##### Exercise data

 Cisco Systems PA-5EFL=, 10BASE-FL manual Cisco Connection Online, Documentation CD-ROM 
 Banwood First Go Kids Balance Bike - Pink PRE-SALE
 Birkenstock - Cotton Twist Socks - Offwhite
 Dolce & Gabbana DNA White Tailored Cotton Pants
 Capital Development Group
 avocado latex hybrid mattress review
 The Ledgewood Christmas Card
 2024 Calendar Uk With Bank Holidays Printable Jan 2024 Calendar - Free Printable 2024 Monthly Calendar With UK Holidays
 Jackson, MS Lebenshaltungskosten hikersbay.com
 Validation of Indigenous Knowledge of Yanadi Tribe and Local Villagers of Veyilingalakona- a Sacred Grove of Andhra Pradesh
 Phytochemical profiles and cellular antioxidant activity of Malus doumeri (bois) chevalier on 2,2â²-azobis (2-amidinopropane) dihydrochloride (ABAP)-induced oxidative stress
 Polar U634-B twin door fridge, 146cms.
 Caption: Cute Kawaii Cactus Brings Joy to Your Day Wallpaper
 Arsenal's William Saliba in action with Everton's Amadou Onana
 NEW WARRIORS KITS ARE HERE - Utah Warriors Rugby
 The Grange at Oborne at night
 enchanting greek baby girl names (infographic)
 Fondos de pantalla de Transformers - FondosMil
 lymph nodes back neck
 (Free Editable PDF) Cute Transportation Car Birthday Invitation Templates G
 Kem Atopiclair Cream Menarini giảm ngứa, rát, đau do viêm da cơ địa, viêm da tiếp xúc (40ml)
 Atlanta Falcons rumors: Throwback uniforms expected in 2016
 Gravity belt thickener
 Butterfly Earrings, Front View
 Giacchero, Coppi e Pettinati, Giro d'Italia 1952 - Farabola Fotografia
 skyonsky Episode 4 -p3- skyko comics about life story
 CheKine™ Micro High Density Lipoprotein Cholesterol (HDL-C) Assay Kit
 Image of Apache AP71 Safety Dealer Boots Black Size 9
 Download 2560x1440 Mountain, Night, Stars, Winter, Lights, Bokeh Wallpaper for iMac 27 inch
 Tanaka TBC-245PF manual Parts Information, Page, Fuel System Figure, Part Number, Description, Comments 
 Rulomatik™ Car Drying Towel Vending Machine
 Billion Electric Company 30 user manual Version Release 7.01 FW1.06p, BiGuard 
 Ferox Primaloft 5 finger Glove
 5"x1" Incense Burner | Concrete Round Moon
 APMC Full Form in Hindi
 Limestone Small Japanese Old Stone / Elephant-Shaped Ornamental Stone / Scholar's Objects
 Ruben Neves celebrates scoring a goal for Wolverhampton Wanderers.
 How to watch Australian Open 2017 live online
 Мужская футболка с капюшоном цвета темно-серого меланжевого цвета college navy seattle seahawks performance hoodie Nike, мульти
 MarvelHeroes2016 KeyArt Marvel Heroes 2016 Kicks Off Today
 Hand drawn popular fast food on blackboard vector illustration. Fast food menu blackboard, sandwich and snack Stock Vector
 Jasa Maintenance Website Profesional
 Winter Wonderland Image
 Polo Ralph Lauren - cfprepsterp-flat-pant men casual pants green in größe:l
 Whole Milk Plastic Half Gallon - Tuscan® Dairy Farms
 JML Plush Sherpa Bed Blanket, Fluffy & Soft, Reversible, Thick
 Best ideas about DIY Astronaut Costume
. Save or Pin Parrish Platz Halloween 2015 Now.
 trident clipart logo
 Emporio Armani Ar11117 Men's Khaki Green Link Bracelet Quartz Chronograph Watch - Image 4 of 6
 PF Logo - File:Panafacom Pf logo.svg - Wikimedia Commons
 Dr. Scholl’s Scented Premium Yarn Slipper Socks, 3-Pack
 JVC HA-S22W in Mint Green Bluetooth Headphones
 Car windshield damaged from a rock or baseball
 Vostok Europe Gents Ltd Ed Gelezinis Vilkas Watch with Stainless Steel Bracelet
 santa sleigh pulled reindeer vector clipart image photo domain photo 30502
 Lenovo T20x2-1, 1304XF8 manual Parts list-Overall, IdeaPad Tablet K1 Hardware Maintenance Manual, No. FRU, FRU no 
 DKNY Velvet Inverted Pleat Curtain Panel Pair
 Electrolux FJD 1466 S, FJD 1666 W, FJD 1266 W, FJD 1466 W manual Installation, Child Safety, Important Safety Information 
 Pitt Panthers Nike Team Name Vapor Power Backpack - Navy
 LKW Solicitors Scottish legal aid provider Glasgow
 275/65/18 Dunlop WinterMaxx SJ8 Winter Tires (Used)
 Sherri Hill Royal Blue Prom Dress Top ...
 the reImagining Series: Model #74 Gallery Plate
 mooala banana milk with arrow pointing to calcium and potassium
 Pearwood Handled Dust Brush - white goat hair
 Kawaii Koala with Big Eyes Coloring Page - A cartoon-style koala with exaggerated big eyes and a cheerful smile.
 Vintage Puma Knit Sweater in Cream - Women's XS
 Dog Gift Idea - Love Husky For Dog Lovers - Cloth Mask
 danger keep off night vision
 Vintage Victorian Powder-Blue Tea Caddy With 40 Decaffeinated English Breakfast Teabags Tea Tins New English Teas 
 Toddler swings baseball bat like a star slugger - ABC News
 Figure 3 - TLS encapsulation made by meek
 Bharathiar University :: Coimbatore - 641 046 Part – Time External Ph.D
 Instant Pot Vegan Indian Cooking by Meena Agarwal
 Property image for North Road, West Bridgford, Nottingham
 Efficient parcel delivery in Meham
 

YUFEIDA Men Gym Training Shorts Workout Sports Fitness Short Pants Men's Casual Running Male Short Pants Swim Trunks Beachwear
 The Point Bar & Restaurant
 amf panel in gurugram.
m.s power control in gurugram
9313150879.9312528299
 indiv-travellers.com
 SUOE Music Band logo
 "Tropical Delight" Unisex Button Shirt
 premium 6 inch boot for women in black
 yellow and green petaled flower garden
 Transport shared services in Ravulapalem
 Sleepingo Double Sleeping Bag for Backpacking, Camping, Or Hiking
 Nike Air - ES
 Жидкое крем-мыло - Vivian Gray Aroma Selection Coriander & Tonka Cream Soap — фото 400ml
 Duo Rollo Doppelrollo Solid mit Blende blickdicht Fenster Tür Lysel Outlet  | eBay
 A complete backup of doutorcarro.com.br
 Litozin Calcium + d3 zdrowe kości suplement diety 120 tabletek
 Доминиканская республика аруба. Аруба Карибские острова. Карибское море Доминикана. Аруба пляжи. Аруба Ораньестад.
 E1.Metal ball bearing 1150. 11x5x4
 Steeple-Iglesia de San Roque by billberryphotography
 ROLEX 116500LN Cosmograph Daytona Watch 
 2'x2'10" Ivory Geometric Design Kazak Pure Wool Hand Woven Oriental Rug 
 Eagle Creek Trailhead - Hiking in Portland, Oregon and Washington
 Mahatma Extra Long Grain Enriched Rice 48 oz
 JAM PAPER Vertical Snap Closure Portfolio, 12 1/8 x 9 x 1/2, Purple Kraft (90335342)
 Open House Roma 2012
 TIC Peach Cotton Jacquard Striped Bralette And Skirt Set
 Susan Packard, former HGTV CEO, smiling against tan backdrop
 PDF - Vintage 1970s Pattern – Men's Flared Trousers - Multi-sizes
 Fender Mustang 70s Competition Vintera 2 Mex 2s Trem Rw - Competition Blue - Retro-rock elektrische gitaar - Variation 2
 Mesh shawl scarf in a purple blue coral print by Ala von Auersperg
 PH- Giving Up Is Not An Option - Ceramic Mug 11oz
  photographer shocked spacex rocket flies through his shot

##########

• [Activity]:
Output the whole listing word for word.

• [Expected answer]:
 Cisco Systems PA-5EFL=, 10BASE-FL manual Cisco Connection Online, Documentation CD-ROM 
 Banwood First Go Kids Balance Bike - Pink PRE-SALE
 Birkenstock - Cotton Twist Socks - Offwhite
 Dolce & Gabbana DNA White Tailored Cotton Pants
 Capital Development Group
 avocado latex hybrid mattress review
 The Ledgewood Christmas Card
 2024 Calendar Uk With Bank Holidays Printable Jan 2024 Calendar - Free Printable 2024 Monthly Calendar With UK Holidays
 Jackson, MS Lebenshaltungskosten hikersbay.com
 Validation of Indigenous Knowledge of Yanadi Tribe and Local Villagers of Veyilingalakona- a Sacred Grove of Andhra Pradesh
 Phytochemical profiles and cellular antioxidant activity of Malus doumeri (bois) chevalier on 2,2â²-azobis (2-amidinopropane) dihydrochloride (ABAP)-induced oxidative stress
 Polar U634-B twin door fridge, 146cms.
 Caption: Cute Kawaii Cactus Brings Joy to Your Day Wallpaper
 Arsenal's William Saliba in action with Everton's Amadou Onana
 NEW WARRIORS KITS ARE HERE - Utah Warriors Rugby
 The Grange at Oborne at night
 enchanting greek baby girl names (infographic)
 Fondos de pantalla de Transformers - FondosMil
 lymph nodes back neck
 (Free Editable PDF) Cute Transportation Car Birthday Invitation Templates G
 Kem Atopiclair Cream Menarini giảm ngứa, rát, đau do viêm da cơ địa, viêm da tiếp xúc (40ml)
 Atlanta Falcons rumors: Throwback uniforms expected in 2016
 Gravity belt thickener
 Butterfly Earrings, Front View
 Giacchero, Coppi e Pettinati, Giro d'Italia 1952 - Farabola Fotografia
 skyonsky Episode 4 -p3- skyko comics about life story
 CheKine™ Micro High Density Lipoprotein Cholesterol (HDL-C) Assay Kit
 Image of Apache AP71 Safety Dealer Boots Black Size 9
 Download 2560x1440 Mountain, Night, Stars, Winter, Lights, Bokeh Wallpaper for iMac 27 inch
 Tanaka TBC-245PF manual Parts Information, Page, Fuel System Figure, Part Number, Description, Comments 
 Rulomatik™ Car Drying Towel Vending Machine
 Billion Electric Company 30 user manual Version Release 7.01 FW1.06p, BiGuard 
 Ferox Primaloft 5 finger Glove
 5"x1" Incense Burner | Concrete Round Moon
 APMC Full Form in Hindi
 Limestone Small Japanese Old Stone / Elephant-Shaped Ornamental Stone / Scholar's Objects
 Ruben Neves celebrates scoring a goal for Wolverhampton Wanderers.
 How to watch Australian Open 2017 live online
 Мужская футболка с капюшоном цвета темно-серого меланжевого цвета college navy seattle seahawks performance hoodie Nike, мульти
 MarvelHeroes2016 KeyArt Marvel Heroes 2016 Kicks Off Today
 Hand drawn popular fast food on blackboard vector illustration. Fast food menu blackboard, sandwich and snack Stock Vector
 Jasa Maintenance Website Profesional
 Winter Wonderland Image
 Polo Ralph Lauren - cfprepsterp-flat-pant men casual pants green in größe:l
 Whole Milk Plastic Half Gallon - Tuscan® Dairy Farms
 JML Plush Sherpa Bed Blanket, Fluffy & Soft, Reversible, Thick
 Best ideas about DIY Astronaut Costume
. Save or Pin Parrish Platz Halloween 2015 Now.
 trident clipart logo
 Emporio Armani Ar11117 Men's Khaki Green Link Bracelet Quartz Chronograph Watch - Image 4 of 6
 PF Logo - File:Panafacom Pf logo.svg - Wikimedia Commons
 Dr. Scholl’s Scented Premium Yarn Slipper Socks, 3-Pack
 JVC HA-S22W in Mint Green Bluetooth Headphones
 Car windshield damaged from a rock or baseball
 Vostok Europe Gents Ltd Ed Gelezinis Vilkas Watch with Stainless Steel Bracelet
 santa sleigh pulled reindeer vector clipart image photo domain photo 30502
 Lenovo T20x2-1, 1304XF8 manual Parts list-Overall, IdeaPad Tablet K1 Hardware Maintenance Manual, No. FRU, FRU no 
 DKNY Velvet Inverted Pleat Curtain Panel Pair
 Electrolux FJD 1466 S, FJD 1666 W, FJD 1266 W, FJD 1466 W manual Installation, Child Safety, Important Safety Information 
 Pitt Panthers Nike Team Name Vapor Power Backpack - Navy
 LKW Solicitors Scottish legal aid provider Glasgow
 275/65/18 Dunlop WinterMaxx SJ8 Winter Tires (Used)
 Sherri Hill Royal Blue Prom Dress Top ...
 the reImagining Series: Model #74 Gallery Plate
 mooala banana milk with arrow pointing to calcium and potassium
 Pearwood Handled Dust Brush - white goat hair
 Kawaii Koala with Big Eyes Coloring Page - A cartoon-style koala with exaggerated big eyes and a cheerful smile.
 Vintage Puma Knit Sweater in Cream - Women's XS
 Dog Gift Idea - Love Husky For Dog Lovers - Cloth Mask
 danger keep off night vision
 Vintage Victorian Powder-Blue Tea Caddy With 40 Decaffeinated English Breakfast Teabags Tea Tins New English Teas 
 Toddler swings baseball bat like a star slugger - ABC News
 Figure 3 - TLS encapsulation made by meek
 Bharathiar University :: Coimbatore - 641 046 Part – Time External Ph.D
 Instant Pot Vegan Indian Cooking by Meena Agarwal
 Property image for North Road, West Bridgford, Nottingham
 Efficient parcel delivery in Meham
 

YUFEIDA Men Gym Training Shorts Workout Sports Fitness Short Pants Men's Casual Running Male Short Pants Swim Trunks Beachwear
 The Point Bar & Restaurant
 amf panel in gurugram.
m.s power control in gurugram
9313150879.9312528299
 indiv-travellers.com
 SUOE Music Band logo
 "Tropical Delight" Unisex Button Shirt
 premium 6 inch boot for women in black
 yellow and green petaled flower garden
 Transport shared services in Ravulapalem
 Sleepingo Double Sleeping Bag for Backpacking, Camping, Or Hiking
 Nike Air - ES
 Жидкое крем-мыло - Vivian Gray Aroma Selection Coriander & Tonka Cream Soap — фото 400ml
 Duo Rollo Doppelrollo Solid mit Blende blickdicht Fenster Tür Lysel Outlet  | eBay
 A complete backup of doutorcarro.com.br
 Litozin Calcium + d3 zdrowe kości suplement diety 120 tabletek
 Доминиканская республика аруба. Аруба Карибские острова. Карибское море Доминикана. Аруба пляжи. Аруба Ораньестад.
 E1.Metal ball bearing 1150. 11x5x4
 Steeple-Iglesia de San Roque by billberryphotography
 ROLEX 116500LN Cosmograph Daytona Watch 
 2'x2'10" Ivory Geometric Design Kazak Pure Wool Hand Woven Oriental Rug 
 Eagle Creek Trailhead - Hiking in Portland, Oregon and Washington
 Mahatma Extra Long Grain Enriched Rice 48 oz
 JAM PAPER Vertical Snap Closure Portfolio, 12 1/8 x 9 x 1/2, Purple Kraft (90335342)
 Open House Roma 2012
 TIC Peach Cotton Jacquard Striped Bralette And Skirt Set
 Susan Packard, former HGTV CEO, smiling against tan backdrop
 PDF - Vintage 1970s Pattern – Men's Flared Trousers - Multi-sizes
 Fender Mustang 70s Competition Vintera 2 Mex 2s Trem Rw - Competition Blue - Retro-rock elektrische gitaar - Variation 2
 Mesh shawl scarf in a purple blue coral print by Ala von Auersperg
 PH- Giving Up Is Not An Option - Ceramic Mug 11oz
  photographer shocked spacex rocket flies through his shot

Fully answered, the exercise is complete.